**What to do**
Could you repeat word for word only the lines from the one containing "The tufting looks" to the last line of the data below?

**Information supplied**
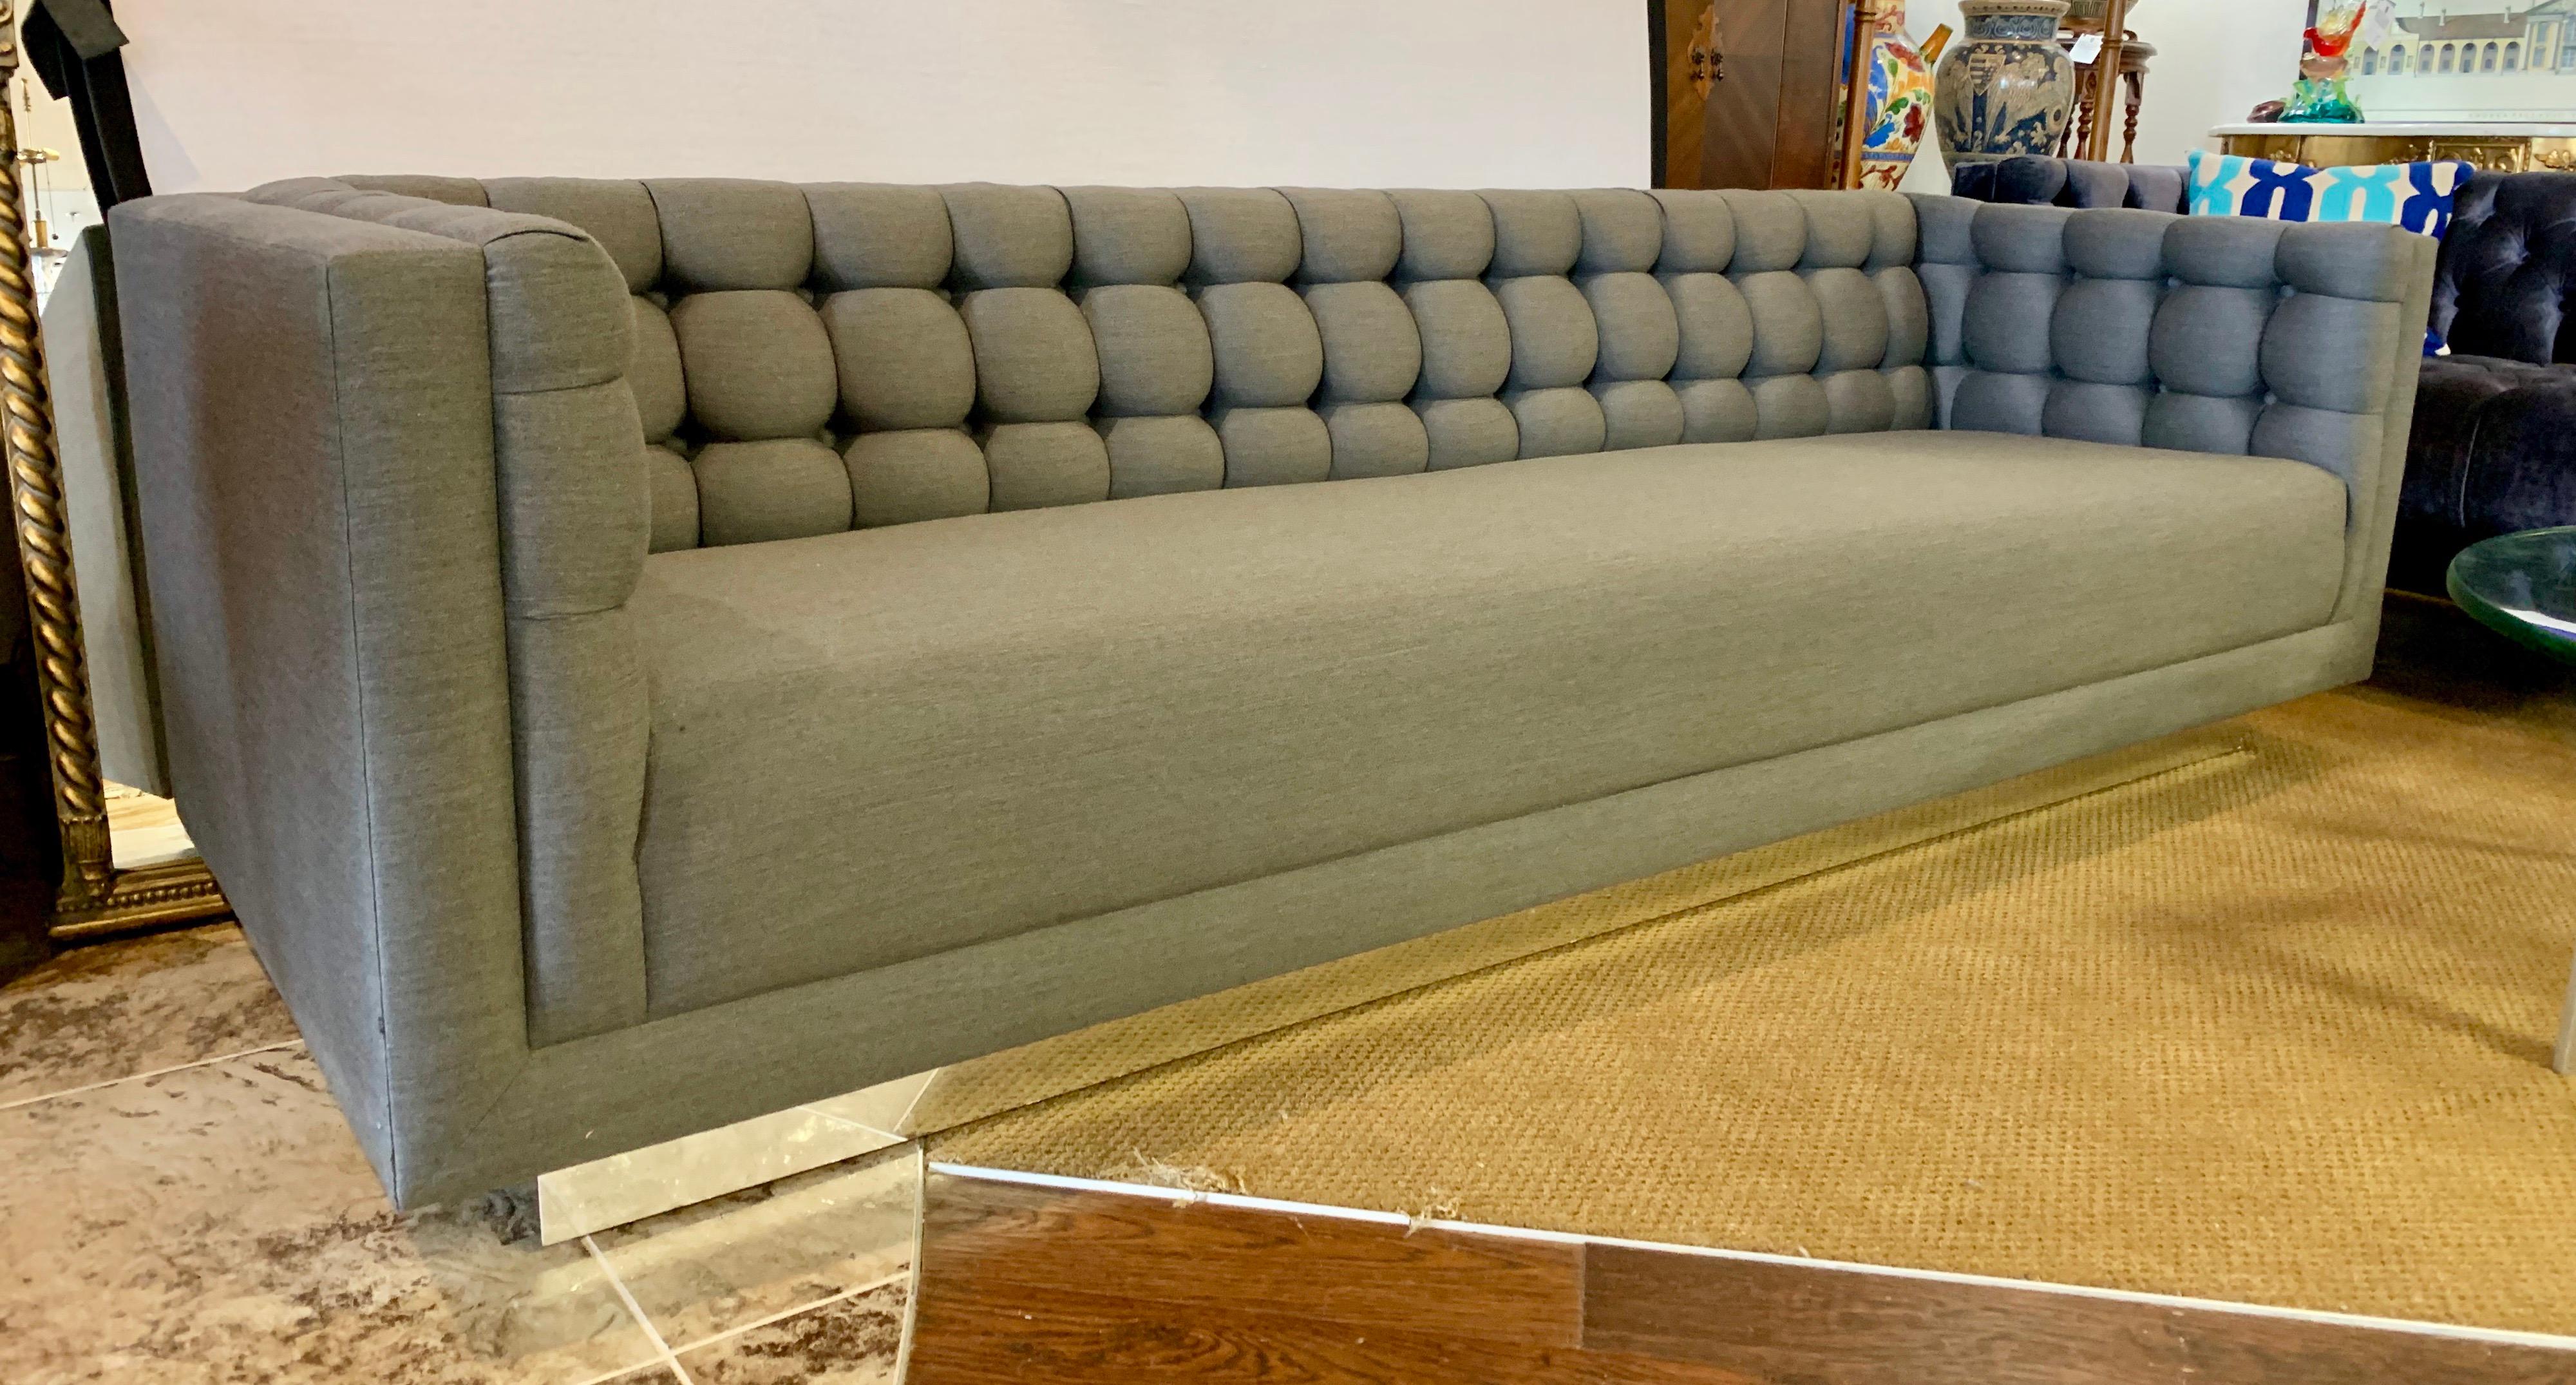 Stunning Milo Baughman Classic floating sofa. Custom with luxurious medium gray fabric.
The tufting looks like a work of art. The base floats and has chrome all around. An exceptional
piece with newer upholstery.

**Answer to this problem**
The tufting looks like a work of art. The base floats and has chrome all around. An exceptional
piece with newer upholstery.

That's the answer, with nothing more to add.